Many websites use the "Load More" or "Show More" button to load content continuously. Websites very commonly use this technique to create a better user experience.
Unlike Pagination with a "Next" button, the "Load More" button keeps adding more content onto one web page, making it trickier to scrape. In this article, I will show you how to deal with the "Load More" button in Octoparse.
You may need this example link to follow through:
1. Use Auto-detect to deal with the "Load More" button
Octoparse's auto-detect web page data feature can easily help with this type of website.
Click on Auto-detect web page data and wait for the process to complete
You will see a Click on a "Load More" button on the Tips panel.
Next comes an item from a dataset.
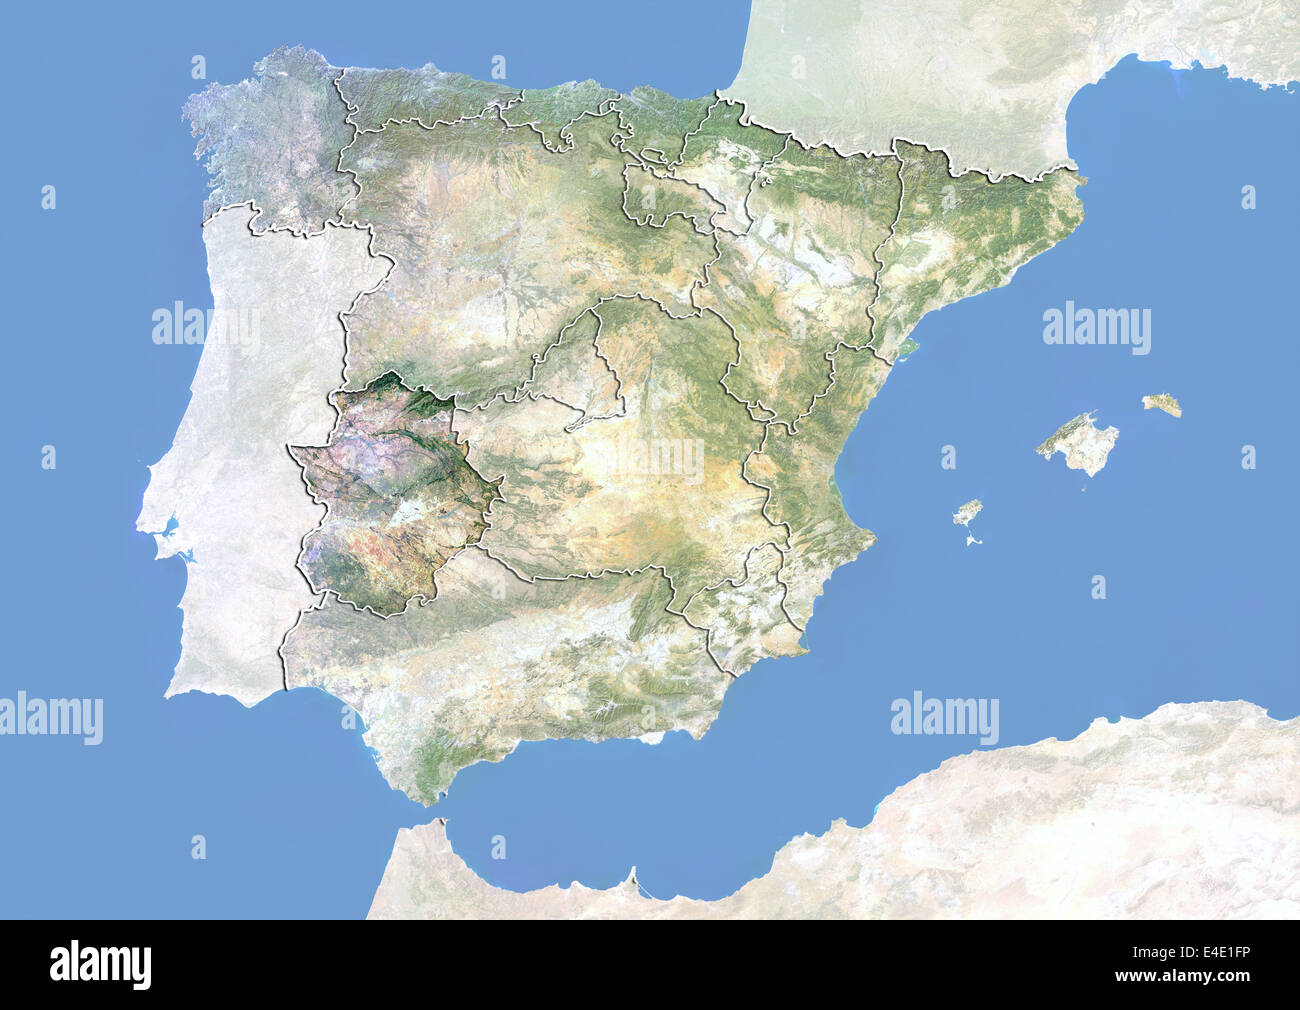 L'Espagne et la région de l'Estrémadure, image satellite avec effet de choc Banque D'Images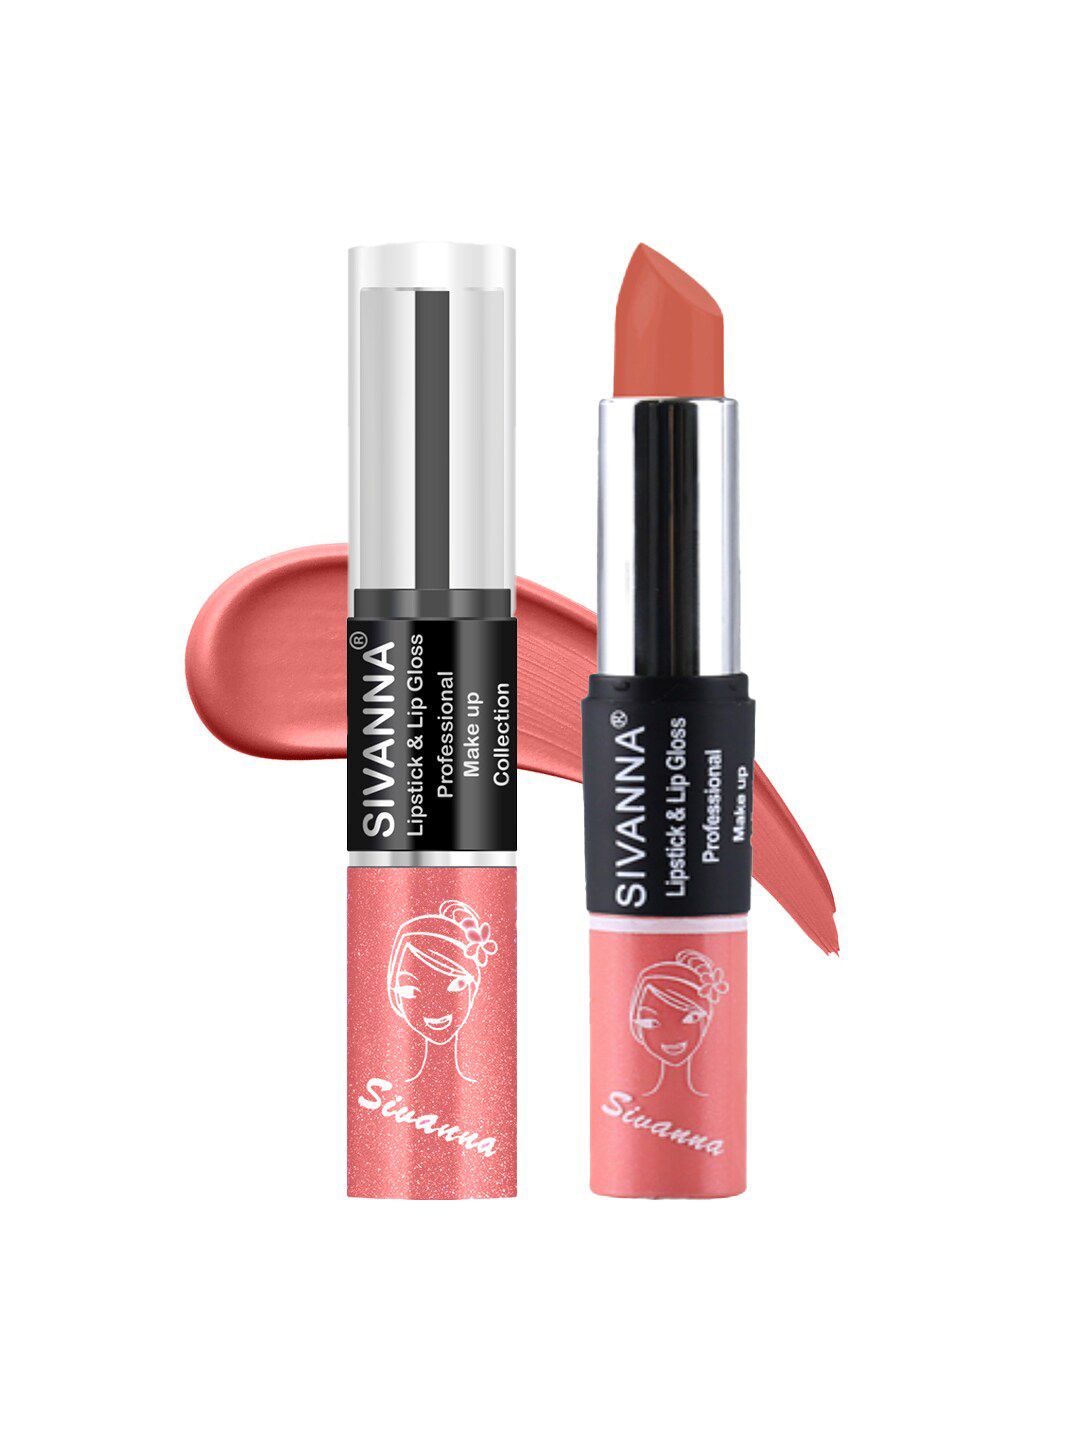 Sivanna Colors 2 in 1 Lipstick & Lip Gloss - DK061 28 Price in India

Click Check to see if the Load more button has been located correctly. If not, click Edit to choose the right button.
Click Edit to set the number of clicks, which is how many times you want to click on the Load More button.
Set up AJAX timeout, which is the time for the page to load after the button is clicked
Click Create workflow to generate the settings
The workflow should look like the picture below:
2. Create a pagination action manually
If the auto-detection does not find the load more button, you can try to manually create the pagination step.
Select the Load More button on the web page and choose Loop click
Set up a proper AJAX timeout (what is AJAX?)
A Pagination step will be created in the workflow and you can then add other steps to get data.
Tips:
1. If you only wish to click the "Load More" button for X times, click the Pagination box, tick "Repeats," and set Repeats to the number X.
2. If you find that the task gets many duplicates during scraping, you can drag the Loop Item out of the Pagination so that Octoparse will start to scrape after loading all the items.